» **Try it**
For every line below, restate it exactly and drop the images.

» **Given material**
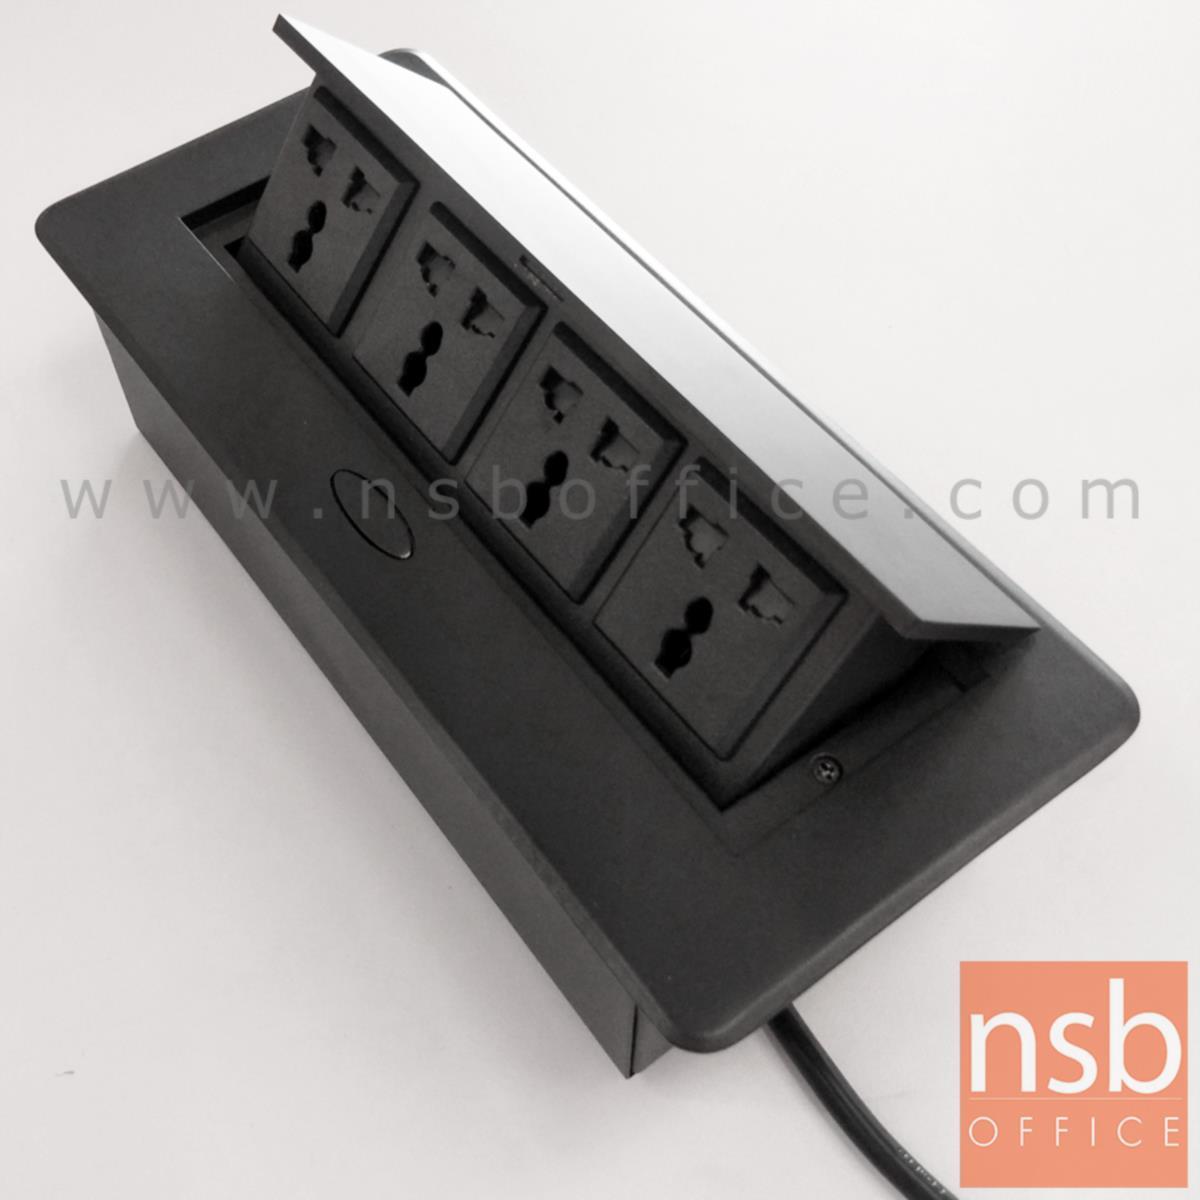 A24A052:ป๊อปอัพเหลี่ยมสีดำ 4 ปลั๊กเสียบ รุ่น Conrad (คอนราด) มีสายไฟต่อยาว 150 cm
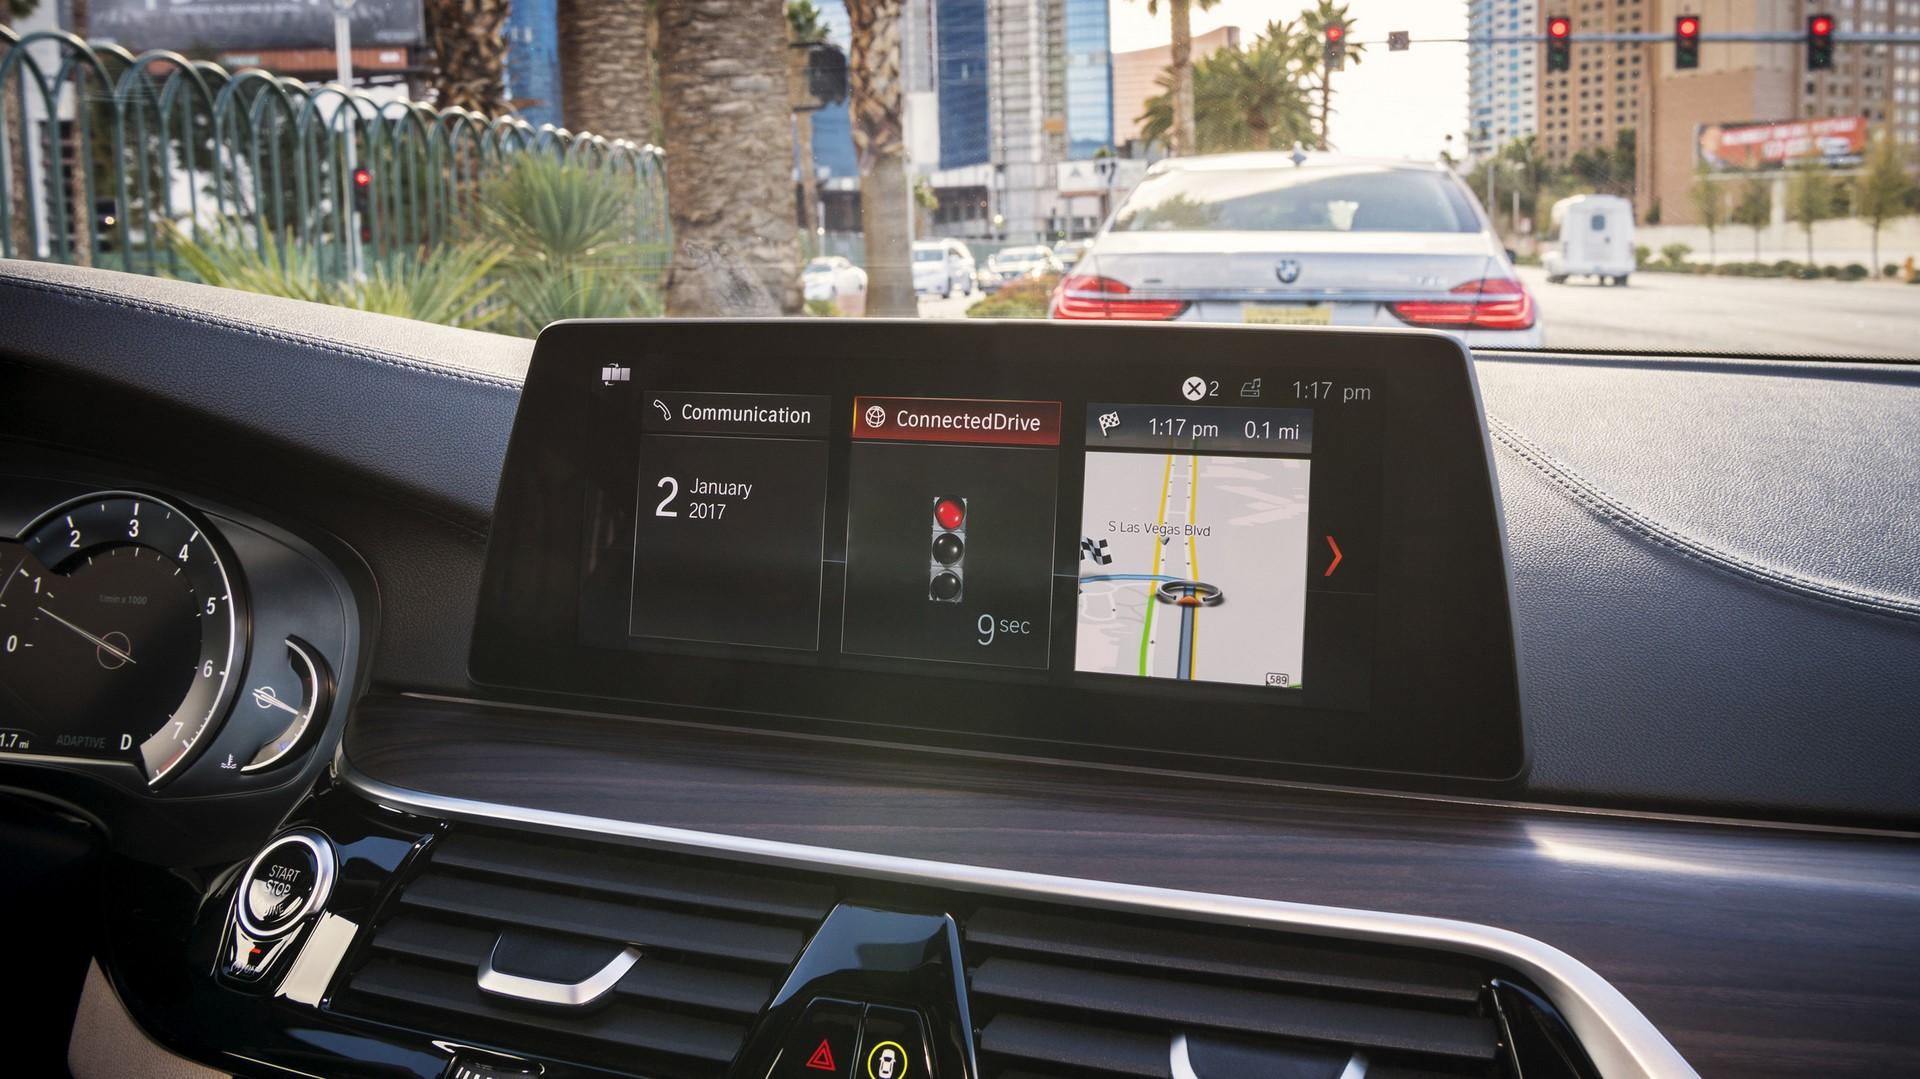 BMW 5 Series Autonomous Prototype (13)
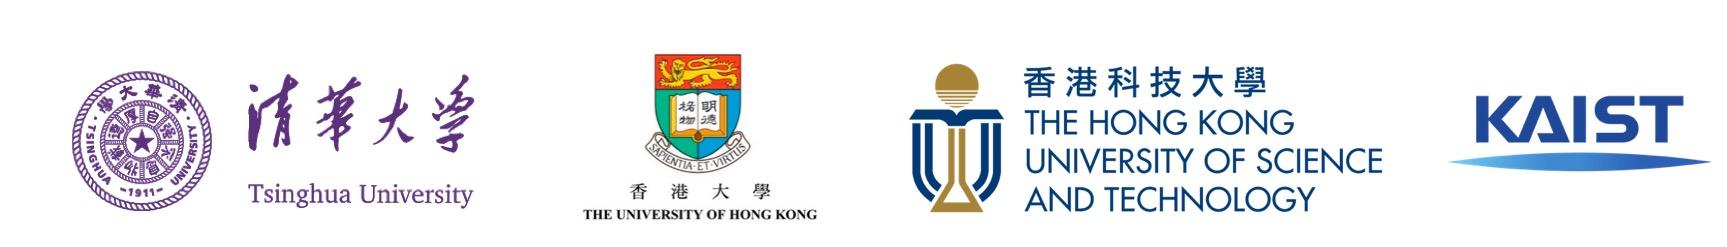 asian-uni-offer-logos-20200428-114354-748
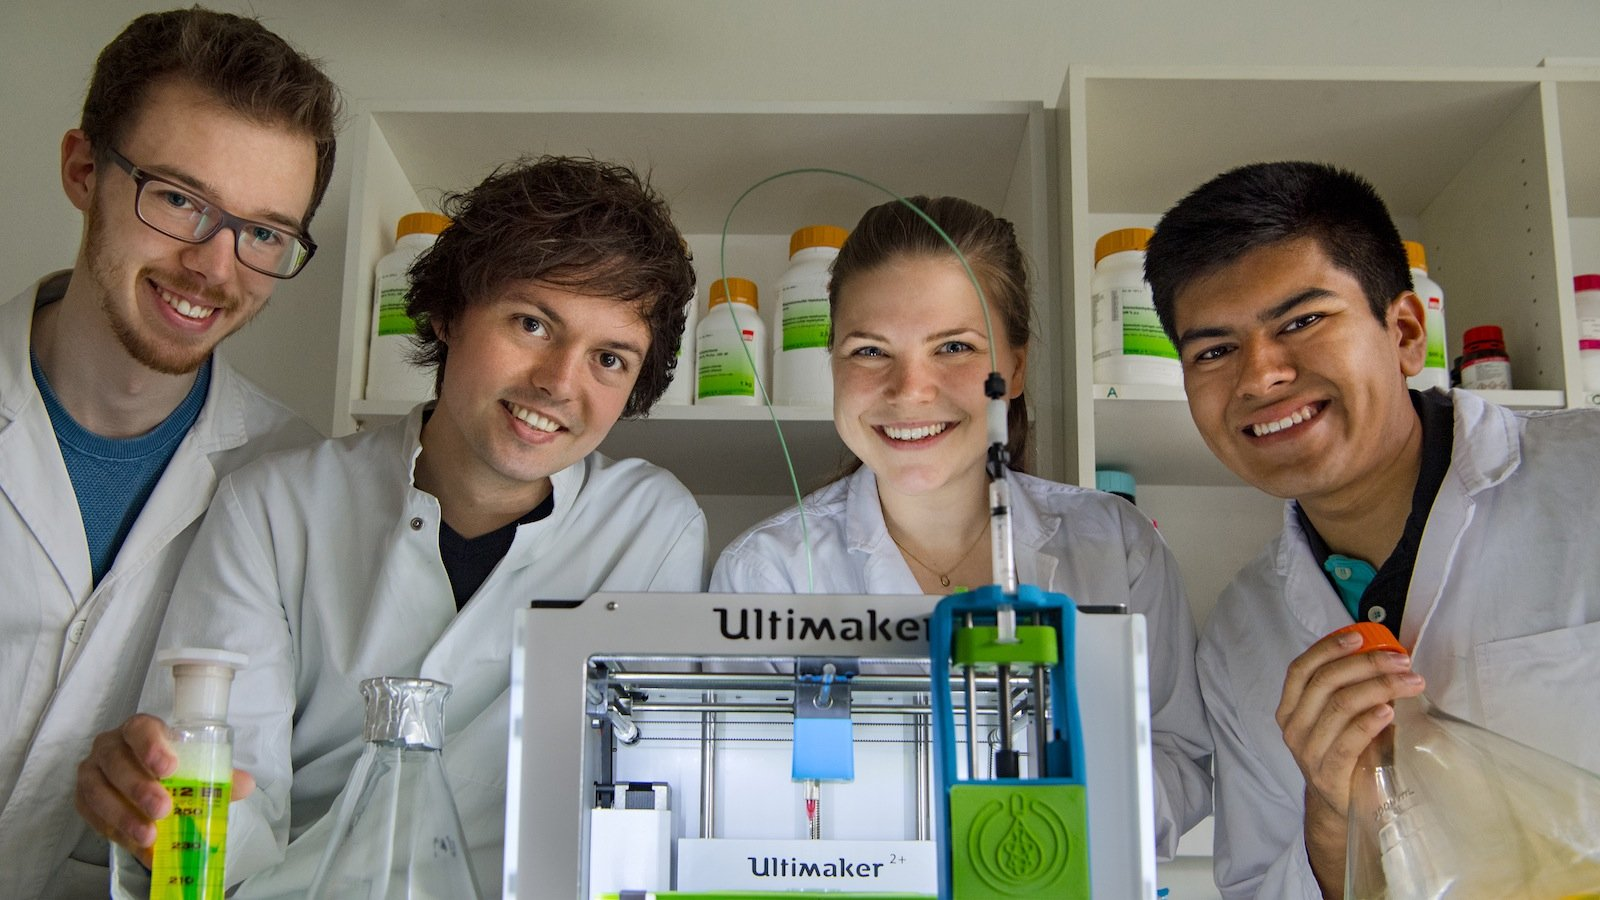 Julian Hofmann (v.l.n.r.), Christoph Gruber, Luisa Krumwiede und Javier Luna Mazari mit dem biotINK Gewebedrucker.

» **Exercise output**
 A24A052:ป๊อปอัพเหลี่ยมสีดำ 4 ปลั๊กเสียบ รุ่น Conrad (คอนราด) มีสายไฟต่อยาว 150 cm
 BMW 5 Series Autonomous Prototype (13)
 asian-uni-offer-logos-20200428-114354-748
 Julian Hofmann (v.l.n.r.), Christoph Gruber, Luisa Krumwiede und Javier Luna Mazari mit dem biotINK Gewebedrucker.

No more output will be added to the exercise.